Kratos, a tattooed, 6-foot-6 killing machine motivated mostly by vengeance, had never before reminded me much of my dad. (For one thing, my dad never would have worn that goatee.) In God of War’s original trilogy, Kratos was a father, but he wasn’t much of a father figure. In fact, he’d killed Calliope, his daughter, along with his wife. (He didn’t intend to, but still.) But by the time the God of War released this month begins, Kratos, whose goatee has grown into a gray-flecked beard, has relocated, remarried, and fathered a son, an impressive fresh start considering that his cursed skin is still coated with the ashes of his murdered former family. Talk about baggage from a previous relationship.

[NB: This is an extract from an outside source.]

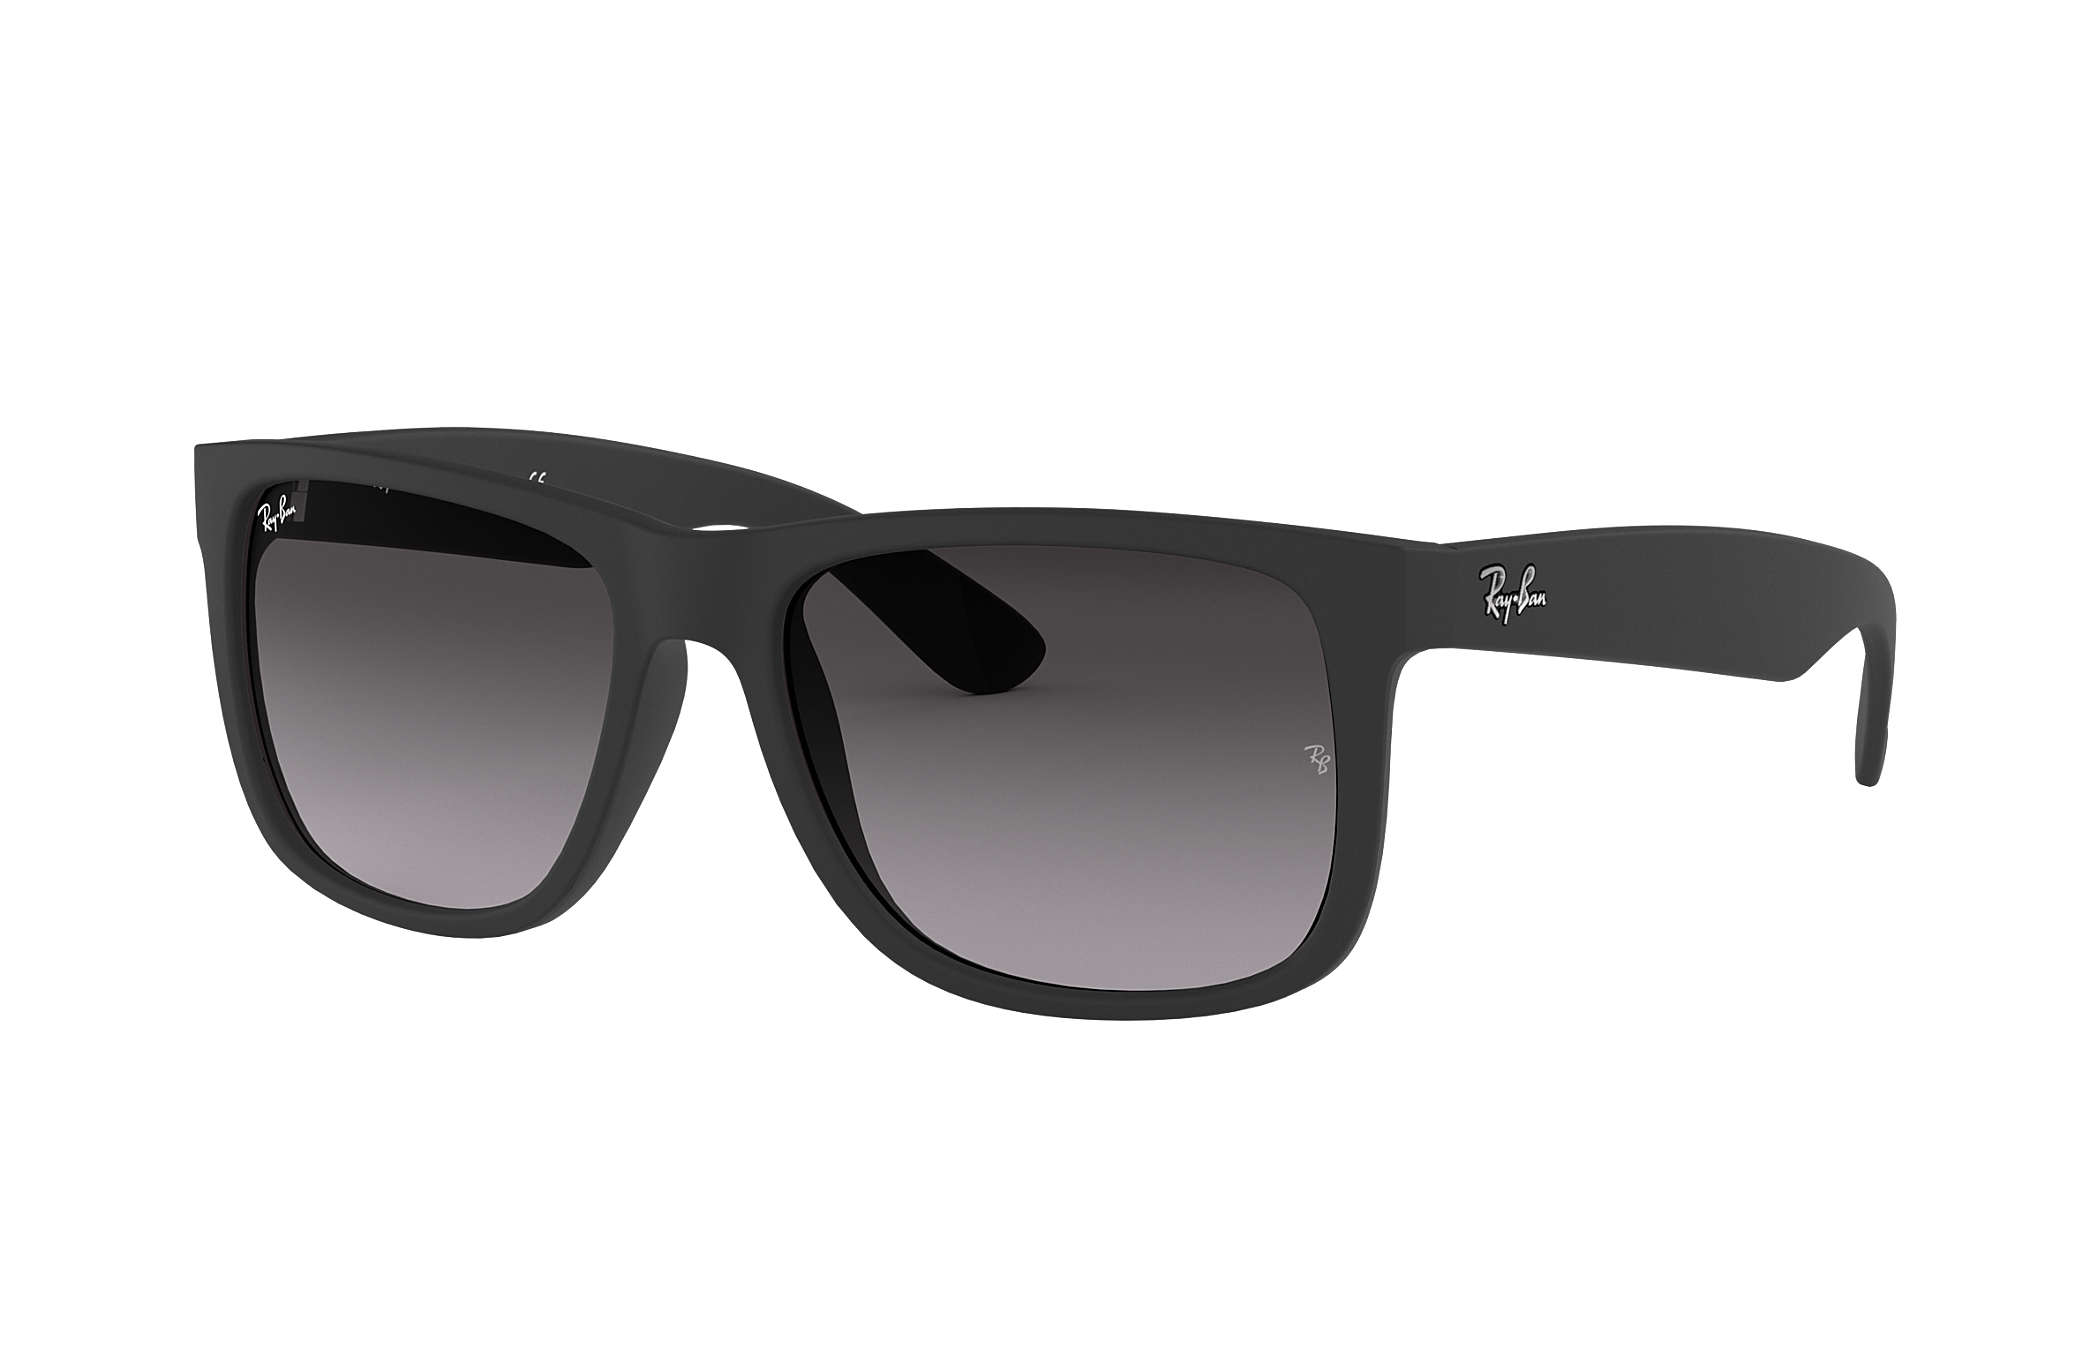 bd3ababcae538 Ray-Ban Justin Classic RB4165F Black - Nylon - Grey Lenses ...

God of War III began with one of the set pieces that the series is famous for: an assault on Olympus, featuring Kratos climbing a Titan and dispatching skeletal soldiers as a combo counter climbs and laudatory text—“BLOODTHIRSTY!”; “VICIOUS!”; “SADISTIC!”—flashes on the side of the screen. In the new God of War game, the player’s comparatively quiet first task is to build a funeral pyre for Kratos’s just-deceased second wife, Faye, who has died, evidently, of non-Kratos causes. The Spartan’s son, Atreus, is down to one parent, and not the one he would have chosen to survive. When Atreus was younger, we learn, Kratos was rarely around.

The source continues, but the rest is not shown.